• Data shown:
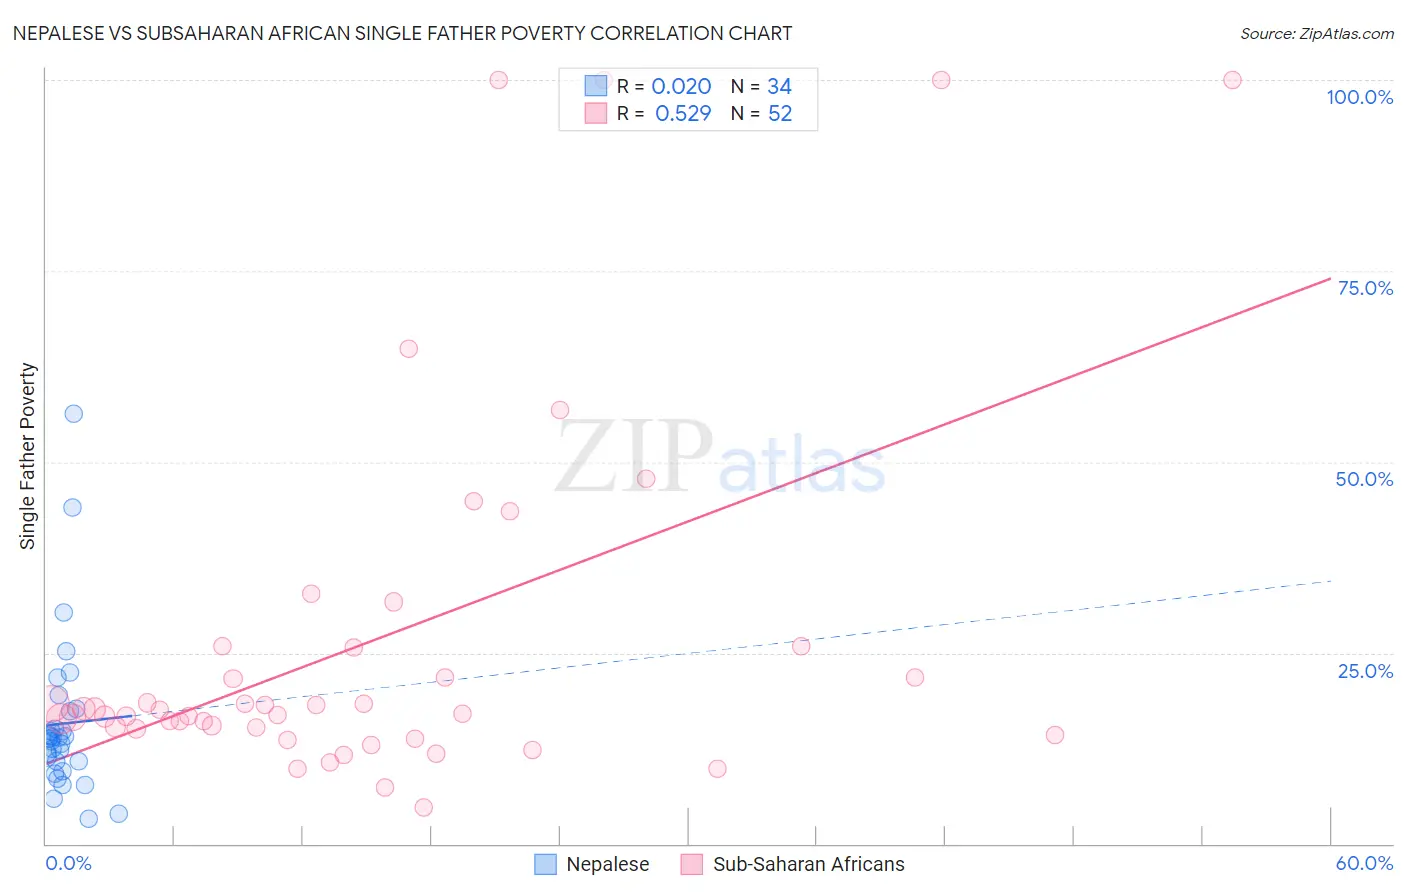 Nepalese vs Subsaharan African Single Father Poverty
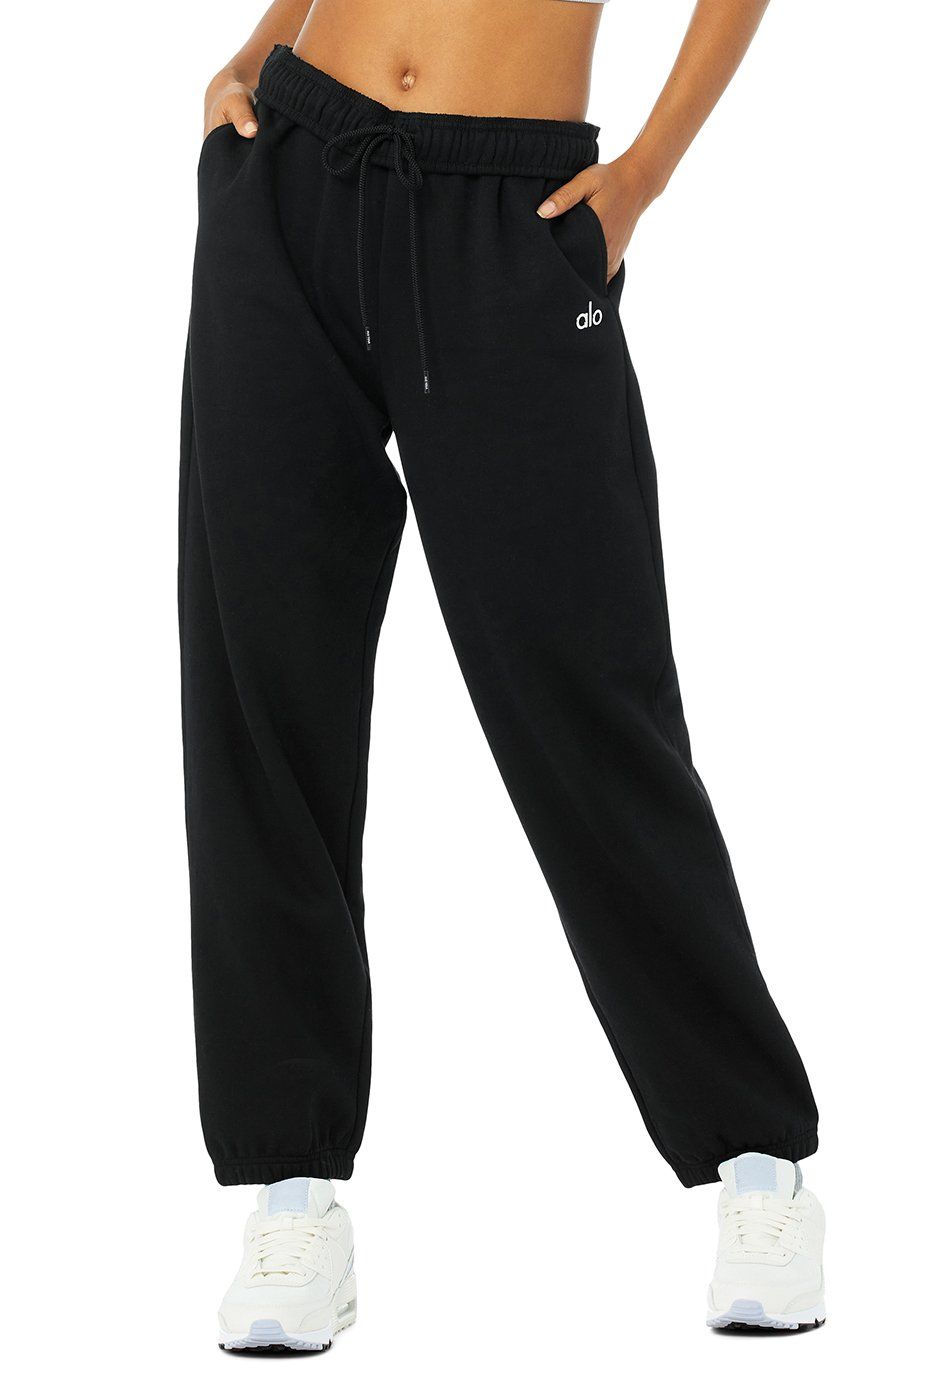 Buy Women's Track Pants Online in Kuwait, Up to 60% Off
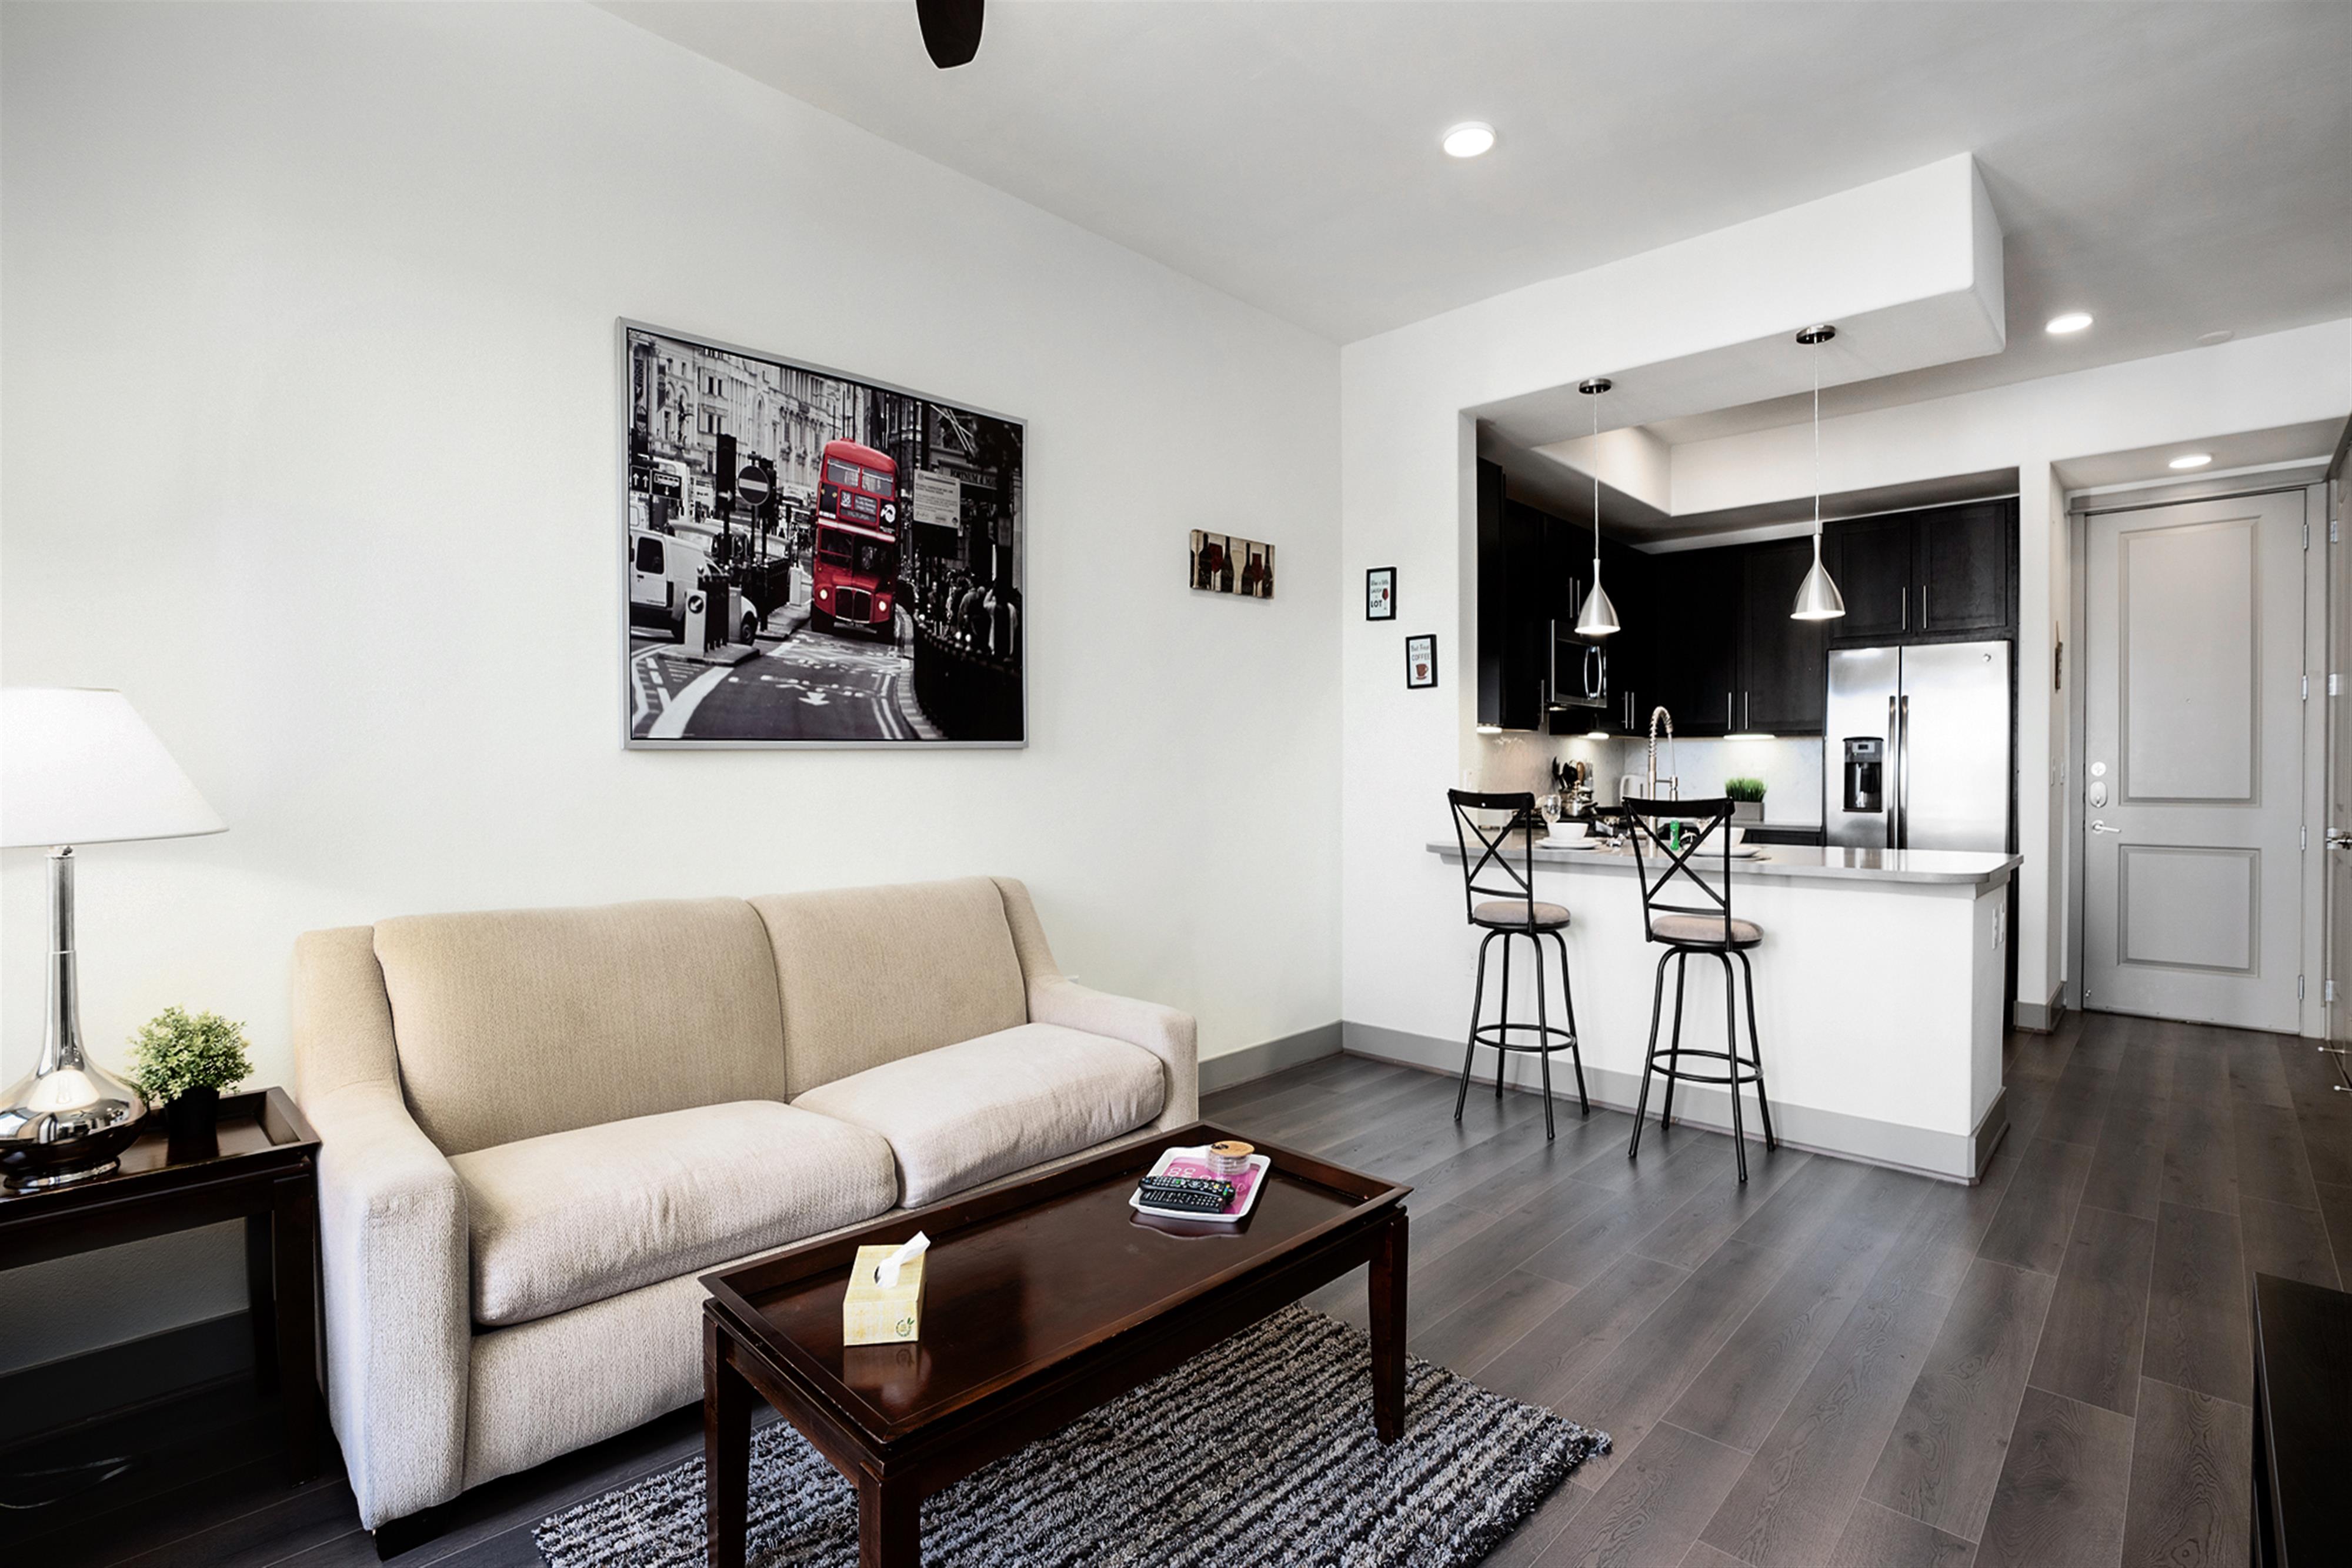 Furnished apartments in Houston

• Your assignment: Line by line, restate the data above exactly as it stands, minus the pictures.

• Reply:
 Nepalese vs Subsaharan African Single Father Poverty
 Buy Women's Track Pants Online in Kuwait, Up to 60% Off
 Furnished apartments in Houston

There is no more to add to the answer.